**EXERCISE DATA**
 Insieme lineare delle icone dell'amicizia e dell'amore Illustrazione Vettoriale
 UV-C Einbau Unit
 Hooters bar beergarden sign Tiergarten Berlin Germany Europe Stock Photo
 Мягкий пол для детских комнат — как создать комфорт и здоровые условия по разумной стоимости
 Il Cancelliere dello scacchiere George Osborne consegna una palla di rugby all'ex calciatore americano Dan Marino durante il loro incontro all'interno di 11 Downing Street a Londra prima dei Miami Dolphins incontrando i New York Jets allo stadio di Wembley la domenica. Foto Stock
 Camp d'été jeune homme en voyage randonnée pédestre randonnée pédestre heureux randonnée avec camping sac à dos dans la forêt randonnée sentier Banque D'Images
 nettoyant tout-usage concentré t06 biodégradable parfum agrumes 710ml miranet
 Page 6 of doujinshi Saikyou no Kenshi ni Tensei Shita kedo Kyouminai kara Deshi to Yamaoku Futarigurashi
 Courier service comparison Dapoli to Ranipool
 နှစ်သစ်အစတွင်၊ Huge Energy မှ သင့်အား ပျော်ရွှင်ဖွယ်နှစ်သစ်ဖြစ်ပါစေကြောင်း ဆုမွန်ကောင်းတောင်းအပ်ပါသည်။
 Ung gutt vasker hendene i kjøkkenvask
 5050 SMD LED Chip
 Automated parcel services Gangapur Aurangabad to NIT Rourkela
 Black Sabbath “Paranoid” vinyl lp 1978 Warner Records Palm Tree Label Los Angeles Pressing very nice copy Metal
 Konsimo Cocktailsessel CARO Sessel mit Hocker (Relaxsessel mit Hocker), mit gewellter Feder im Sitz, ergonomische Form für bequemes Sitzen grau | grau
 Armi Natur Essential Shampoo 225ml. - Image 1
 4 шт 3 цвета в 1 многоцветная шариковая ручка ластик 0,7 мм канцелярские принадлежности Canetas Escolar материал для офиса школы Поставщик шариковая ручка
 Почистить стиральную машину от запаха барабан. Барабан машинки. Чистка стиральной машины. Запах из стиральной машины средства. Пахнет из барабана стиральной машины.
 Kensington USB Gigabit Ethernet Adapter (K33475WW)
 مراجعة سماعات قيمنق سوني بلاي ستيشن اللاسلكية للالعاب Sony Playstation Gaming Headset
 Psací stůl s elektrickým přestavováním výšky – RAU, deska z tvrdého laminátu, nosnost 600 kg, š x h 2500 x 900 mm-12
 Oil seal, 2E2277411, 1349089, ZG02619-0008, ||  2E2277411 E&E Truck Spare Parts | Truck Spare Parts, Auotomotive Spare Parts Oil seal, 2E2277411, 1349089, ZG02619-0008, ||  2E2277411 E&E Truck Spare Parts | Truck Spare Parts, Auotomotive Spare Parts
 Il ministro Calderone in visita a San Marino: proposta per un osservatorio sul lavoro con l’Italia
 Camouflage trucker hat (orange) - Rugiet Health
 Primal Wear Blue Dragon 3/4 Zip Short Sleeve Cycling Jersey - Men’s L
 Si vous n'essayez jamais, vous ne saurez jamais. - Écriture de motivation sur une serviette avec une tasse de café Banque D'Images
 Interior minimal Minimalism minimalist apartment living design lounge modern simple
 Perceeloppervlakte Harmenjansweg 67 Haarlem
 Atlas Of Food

**EXERCISE DIRECTIONS**
Find each line in the listing above that contains "Banque", and copy that line.

**PROBLEM SOLUTION**
 Camp d'été jeune homme en voyage randonnée pédestre randonnée pédestre heureux randonnée avec camping sac à dos dans la forêt randonnée sentier Banque D'Images
 Si vous n'essayez jamais, vous ne saurez jamais. - Écriture de motivation sur une serviette avec une tasse de café Banque D'Images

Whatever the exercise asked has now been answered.